GIVEN RECORDS:

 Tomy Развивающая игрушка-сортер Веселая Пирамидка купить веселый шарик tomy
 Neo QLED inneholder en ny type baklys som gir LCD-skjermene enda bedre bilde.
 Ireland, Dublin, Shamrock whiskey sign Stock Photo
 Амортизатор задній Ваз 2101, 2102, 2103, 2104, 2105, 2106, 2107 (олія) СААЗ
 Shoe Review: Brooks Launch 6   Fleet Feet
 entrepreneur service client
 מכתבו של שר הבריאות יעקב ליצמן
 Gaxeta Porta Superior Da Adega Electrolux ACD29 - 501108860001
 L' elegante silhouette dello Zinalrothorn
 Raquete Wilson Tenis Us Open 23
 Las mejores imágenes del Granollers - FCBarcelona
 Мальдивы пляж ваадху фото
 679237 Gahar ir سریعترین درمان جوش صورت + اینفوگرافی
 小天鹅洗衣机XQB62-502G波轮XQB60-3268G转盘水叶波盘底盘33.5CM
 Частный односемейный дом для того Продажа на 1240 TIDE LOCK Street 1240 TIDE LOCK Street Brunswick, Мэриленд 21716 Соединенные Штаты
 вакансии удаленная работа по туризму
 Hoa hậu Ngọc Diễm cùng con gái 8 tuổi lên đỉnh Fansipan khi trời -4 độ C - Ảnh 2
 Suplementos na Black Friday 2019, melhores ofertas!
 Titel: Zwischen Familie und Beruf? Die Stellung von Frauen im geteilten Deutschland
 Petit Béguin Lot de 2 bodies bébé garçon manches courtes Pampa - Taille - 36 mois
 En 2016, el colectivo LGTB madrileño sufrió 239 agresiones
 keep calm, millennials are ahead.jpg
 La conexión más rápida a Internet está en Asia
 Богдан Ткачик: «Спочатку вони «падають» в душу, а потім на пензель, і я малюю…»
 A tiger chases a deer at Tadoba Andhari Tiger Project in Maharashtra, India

WHAT IS NEEDED: Restate each record word for word.

RESULT:
 Tomy Развивающая игрушка-сортер Веселая Пирамидка купить веселый шарик tomy
 Neo QLED inneholder en ny type baklys som gir LCD-skjermene enda bedre bilde.
 Ireland, Dublin, Shamrock whiskey sign Stock Photo
 Амортизатор задній Ваз 2101, 2102, 2103, 2104, 2105, 2106, 2107 (олія) СААЗ
 Shoe Review: Brooks Launch 6   Fleet Feet
 entrepreneur service client
 מכתבו של שר הבריאות יעקב ליצמן
 Gaxeta Porta Superior Da Adega Electrolux ACD29 - 501108860001
 L' elegante silhouette dello Zinalrothorn
 Raquete Wilson Tenis Us Open 23
 Las mejores imágenes del Granollers - FCBarcelona
 Мальдивы пляж ваадху фото
 679237 Gahar ir سریعترین درمان جوش صورت + اینفوگرافی
 小天鹅洗衣机XQB62-502G波轮XQB60-3268G转盘水叶波盘底盘33.5CM
 Частный односемейный дом для того Продажа на 1240 TIDE LOCK Street 1240 TIDE LOCK Street Brunswick, Мэриленд 21716 Соединенные Штаты
 вакансии удаленная работа по туризму
 Hoa hậu Ngọc Diễm cùng con gái 8 tuổi lên đỉnh Fansipan khi trời -4 độ C - Ảnh 2
 Suplementos na Black Friday 2019, melhores ofertas!
 Titel: Zwischen Familie und Beruf? Die Stellung von Frauen im geteilten Deutschland
 Petit Béguin Lot de 2 bodies bébé garçon manches courtes Pampa - Taille - 36 mois
 En 2016, el colectivo LGTB madrileño sufrió 239 agresiones
 keep calm, millennials are ahead.jpg
 La conexión más rápida a Internet está en Asia
 Богдан Ткачик: «Спочатку вони «падають» в душу, а потім на пензель, і я малюю…»
 A tiger chases a deer at Tadoba Andhari Tiger Project in Maharashtra, India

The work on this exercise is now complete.